Individual articles describing novel methods typically contain a comparative discussion and empirical evaluation between one or two preceding approaches. Therefore, what is currently lacking from the literature is a summarizing comparative study on the published methodology as a whole. Moreover, the literature currently lacks discussion on error analysis. A study on the error patterns produced by varying approaches could inform us about their potential utility in different tasks. For example, if an application requires high-accuracy compound splitting, one could choose to apply a model with a good compound-splitting capability even if its affix accuracy does not reach state of the art. The purpose of this work is to address these issues.

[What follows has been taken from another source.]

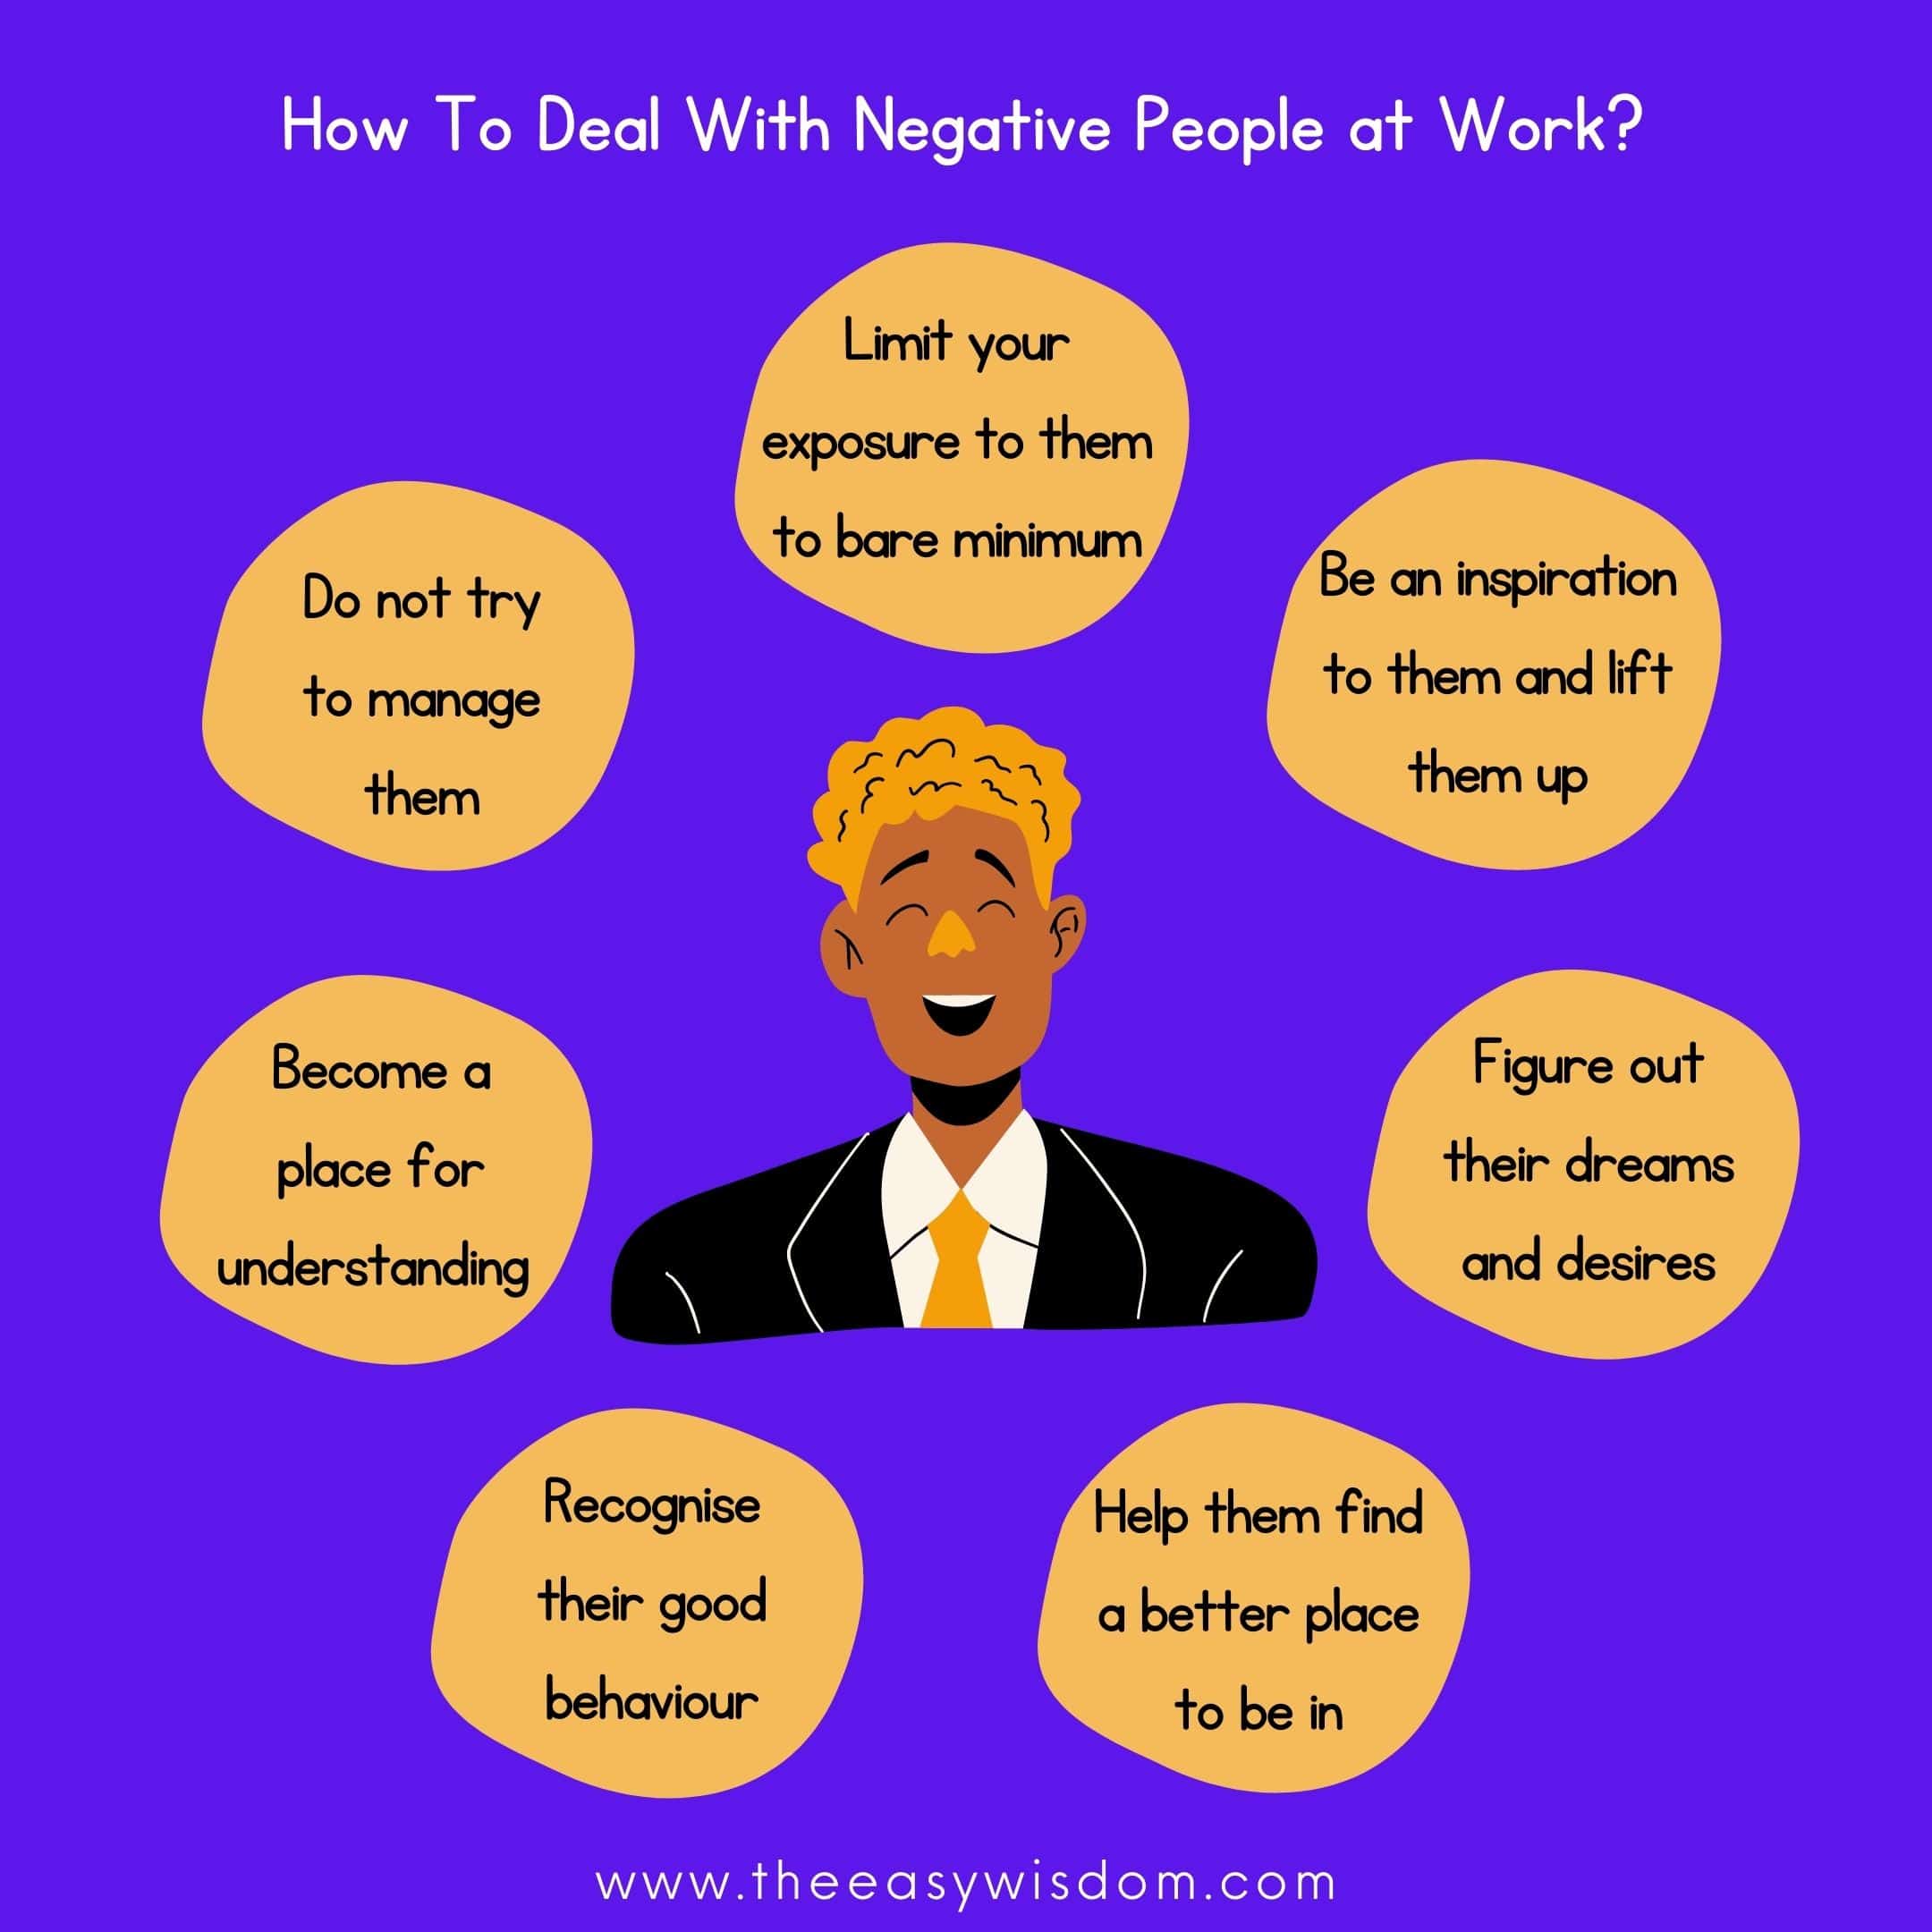 how to deal with negative people at work infographic-www.theeasywisdom.com
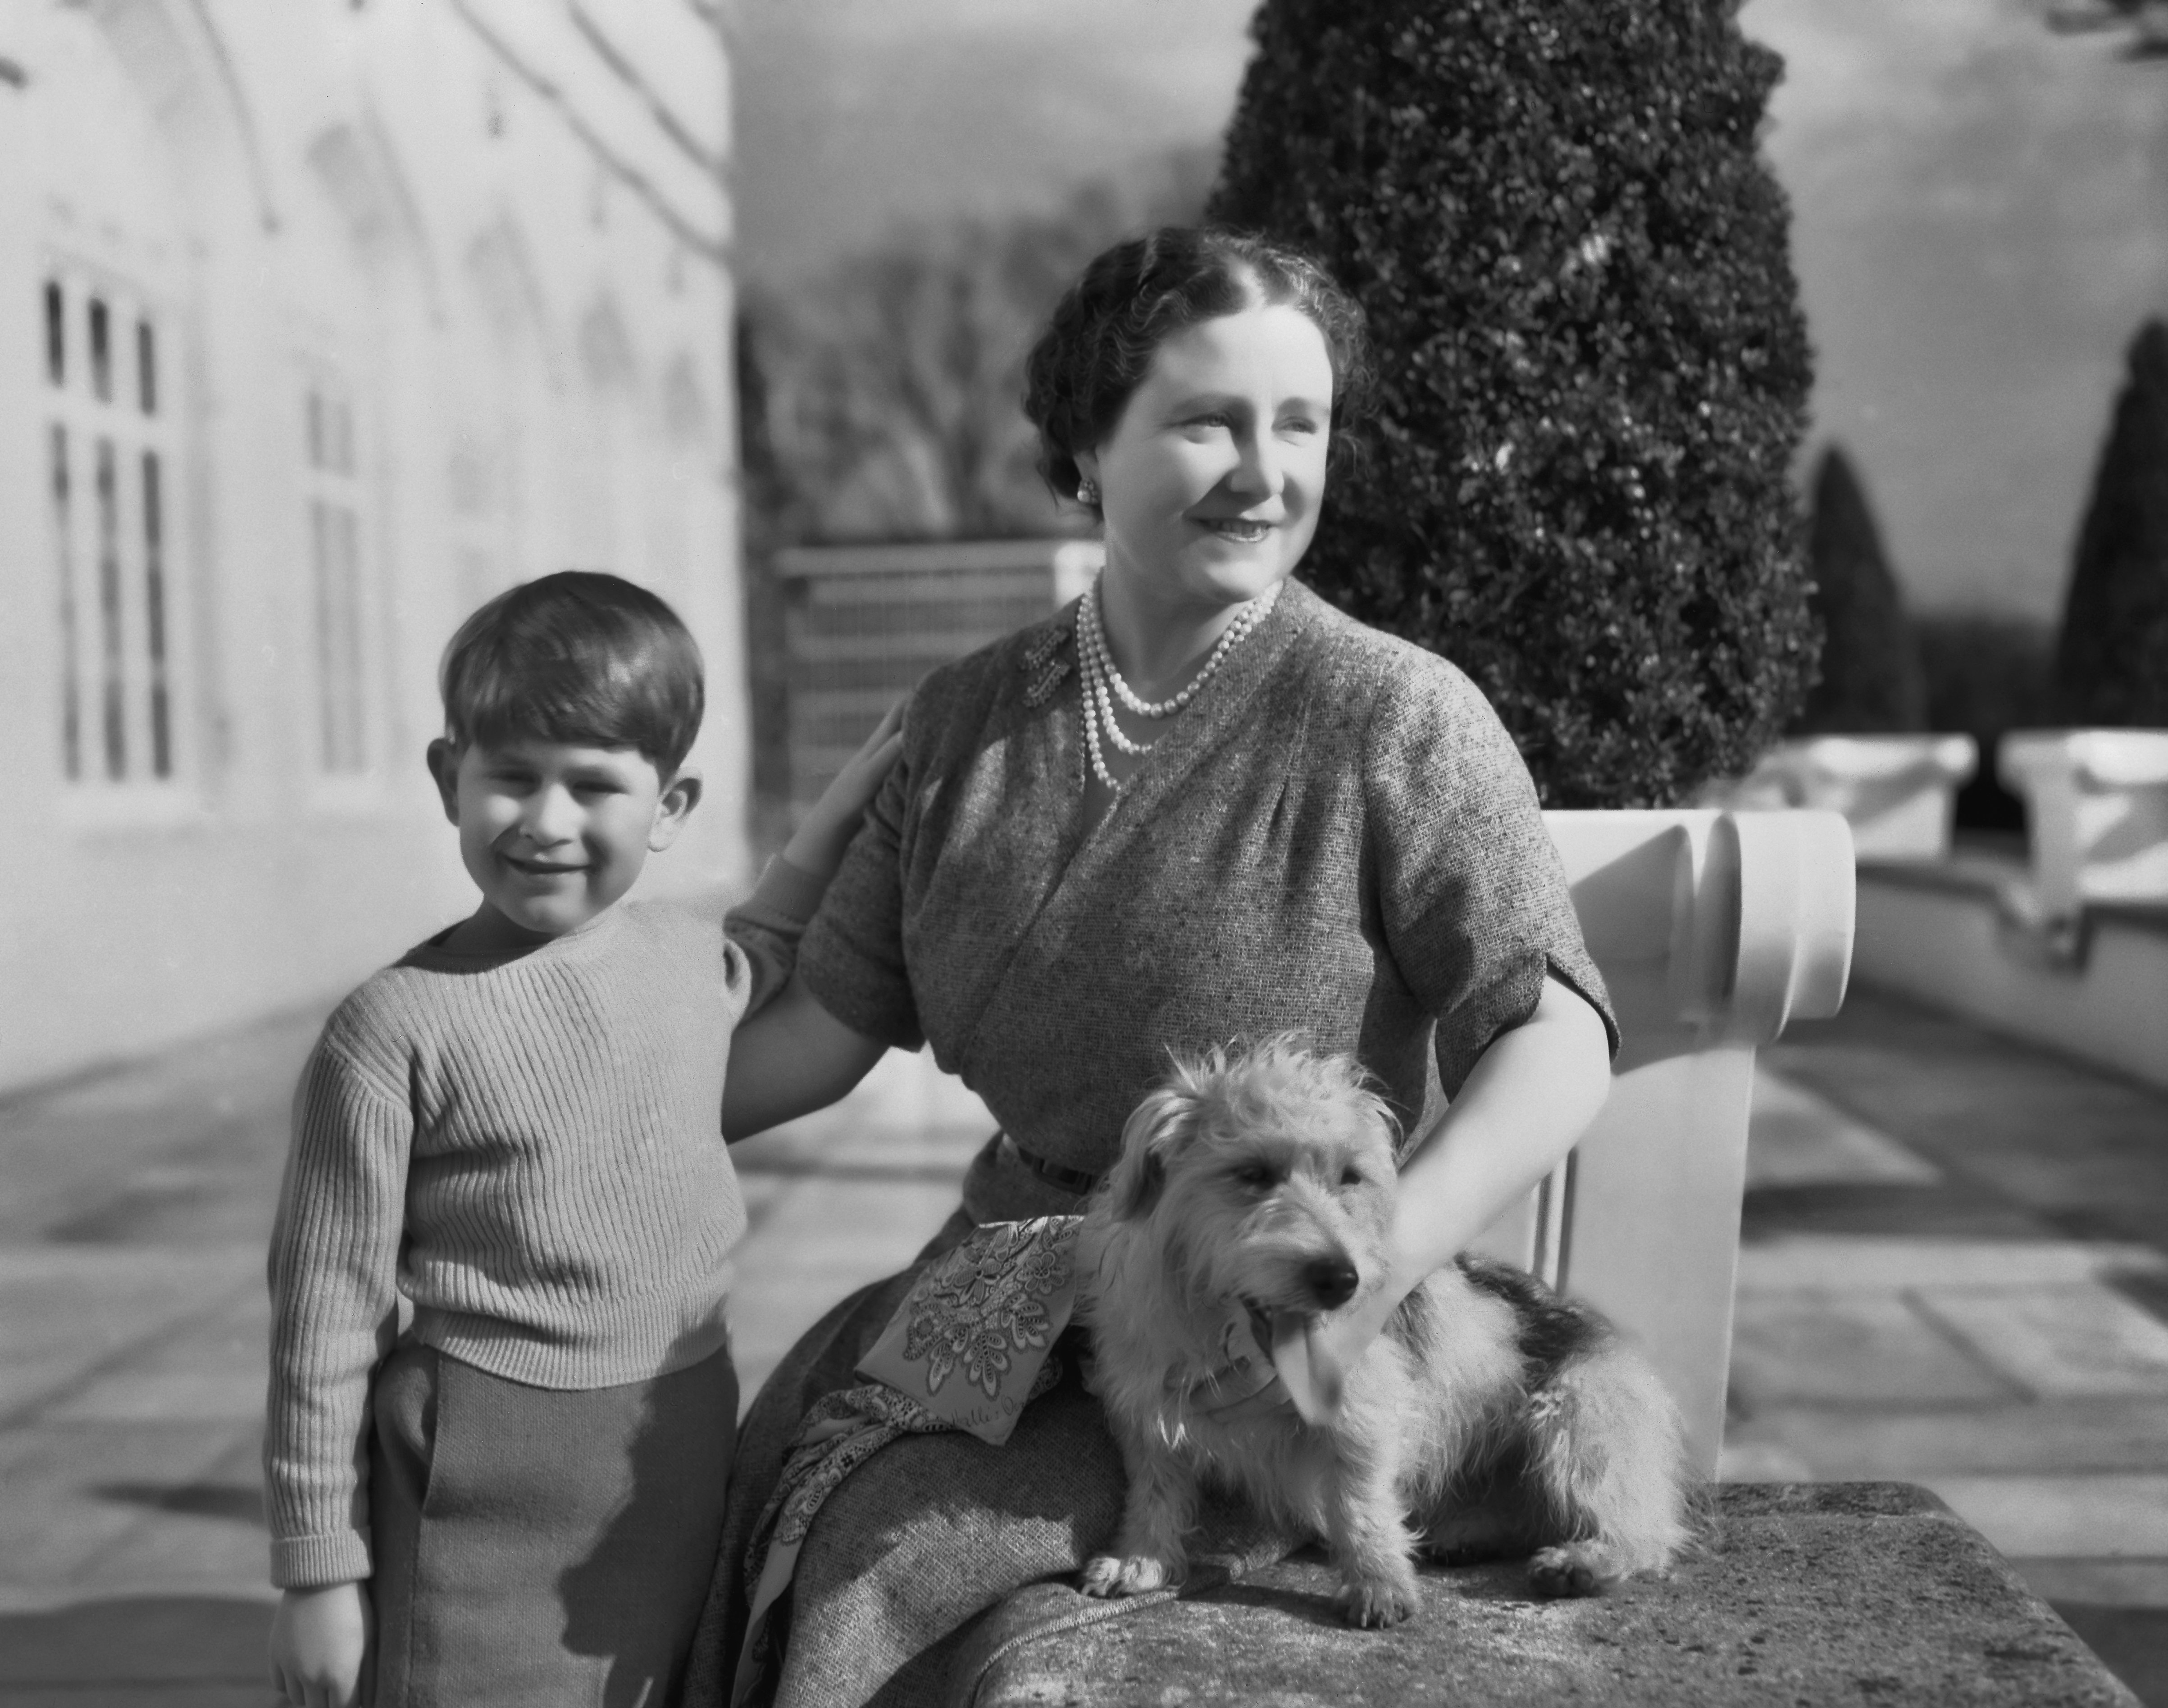 Queen Elizabeth The Queen Mother with her grandson Prince Charles on the patio of the Royal Lodge in Windsor, England on April 07, 1954 | Source: Getty Images

Our main contributions are as follows. First, we present a literature survey on morphological segmentation methods applicable in the minimally supervised learning setting. The considered methods include unsupervised techniques that learn solely from unannotated data, supervised methods that utilize solely annotated data, and semi-supervised approaches that utilize both unannotated and annotated data. Second, we perform an extensive empirical evaluation of three diverse method families, including a detailed error analysis. The approaches considered in this comparison are variants of the Morfessor algorithm (Creutz and Lagus 2002, 2005, 2007; Kohonen, Virpioja, and Lagus 2010; Grönroos et al. 2014), the adaptor grammar framework (Sirts and Goldwater 2013), and the conditional random field method (Ruokolainen et al. 2013, 2014). We hope the presented discussion and empirical evaluation will be of help for future research on the considered task.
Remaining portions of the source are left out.